PMM2-CDG, also known as congenital disorder of glycosylation type 1a, is indeed a hereditary condition. It is caused by mutations in the PMM2 gene, which is responsible for producing an enzyme called phosphomannomutase 2. This enzyme plays a crucial role in the process of glycosylation, which is essential for the proper functioning of various proteins in the body.

Hereditary Transmission:

PMM2-CDG follows an autosomal recessive pattern of inheritance. This means that an affected individual inherits two copies of the mutated PMM2 gene, one from each parent.
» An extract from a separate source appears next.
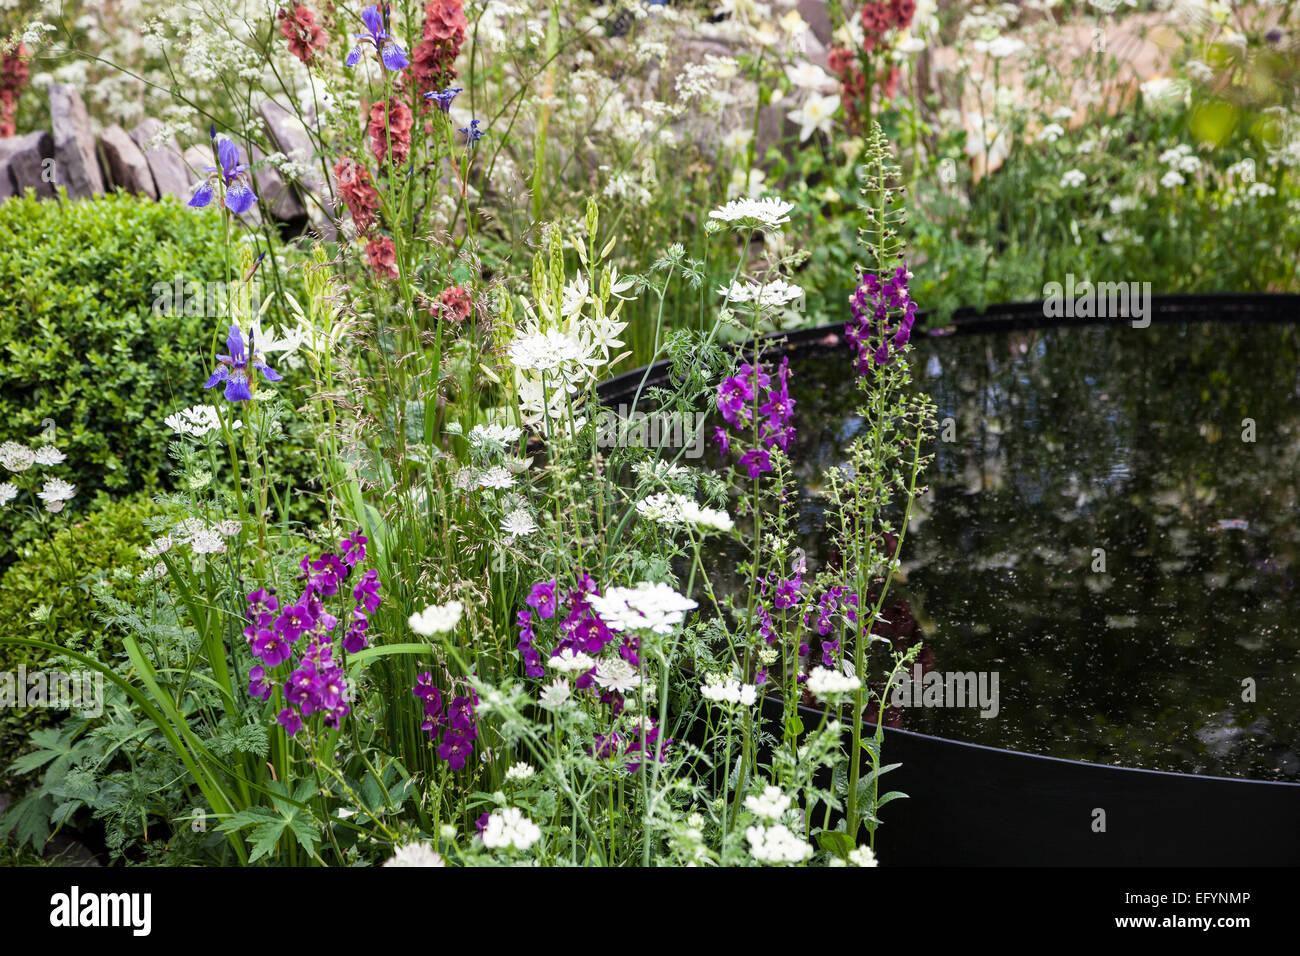 Buxus ball stockfotos buxus ball bilder alamy for Pip probert garden designer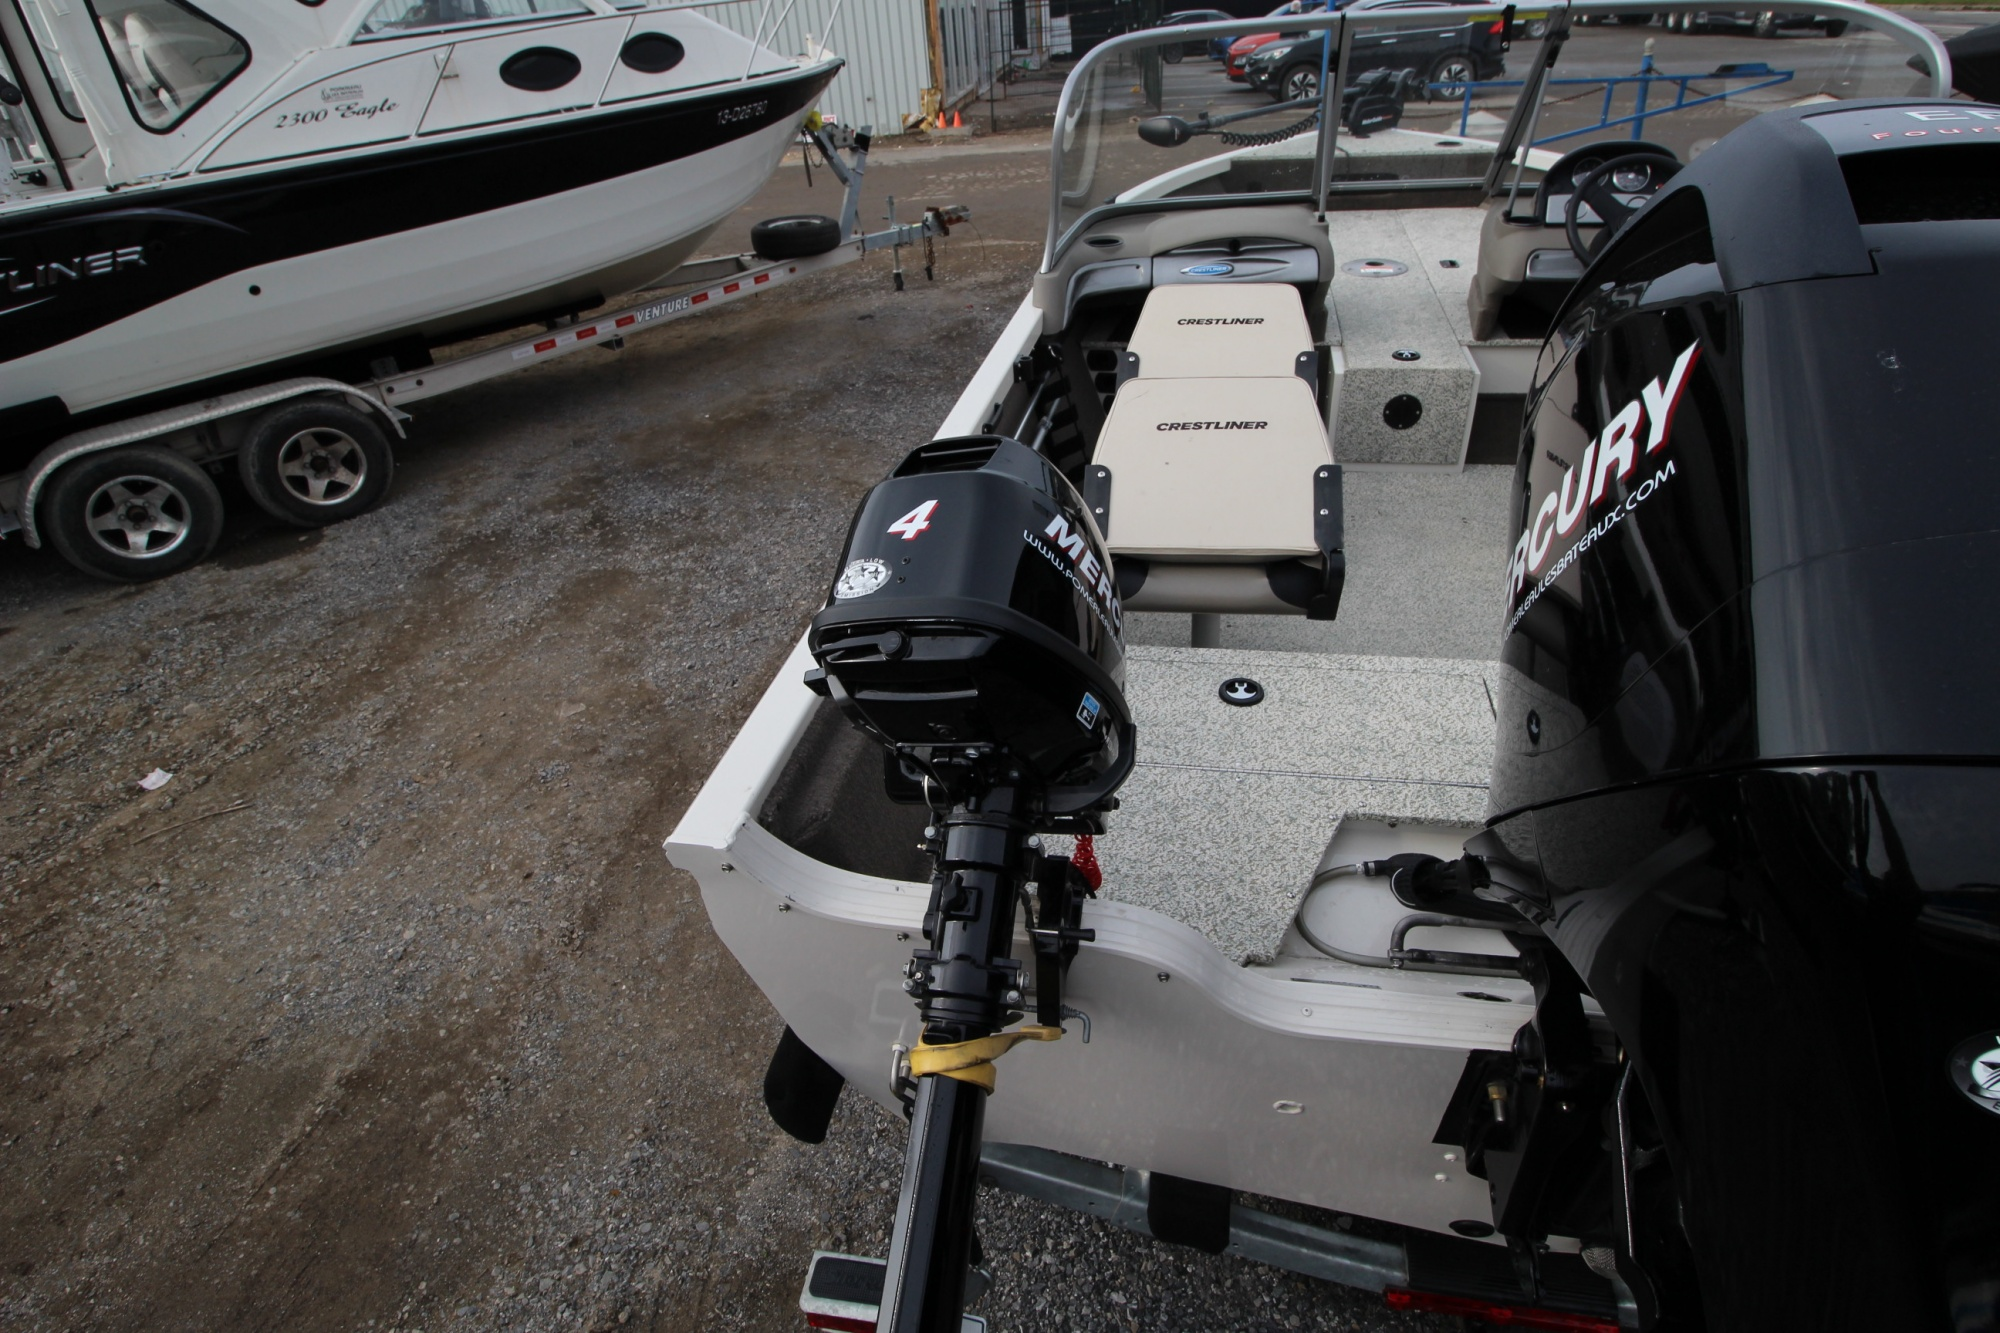 CRESLINER 1650 FISH HAWK - IMG_0107

If both parents are carriers of the mutated gene but do not have the condition themselves, there is a 25% chance with each pregnancy that their child will have PMM2-CDG.

Symptoms and Diagnosis:

PMM2-CDG can present with a wide range of symptoms, including developmental delays, intellectual disability, failure to thrive, seizures, liver dysfunction, and various physical abnormalities. Due to the variability in symptoms, diagnosis can be challenging and often requires specialized testing such as genetic analysis or measurement of specific glycosylation markers.

Management and Treatment:

Currently, there is no cure for PMM2-CDG, and treatment primarily focuses on managing the symptoms and complications associated with the condition. This may involve a multidisciplinary approach, including regular monitoring, physical and occupational therapy, speech therapy, and dietary modifications.

Conclusion:

PMM2-CDG is a hereditary disorder caused by mutations in the PMM2 gene. Understanding the hereditary nature of the condition is crucial for genetic counseling and family planning. If you suspect PMM2-CDG in yourself or a family member, it is important to consult with a healthcare professional or geneticist for proper diagnosis and management.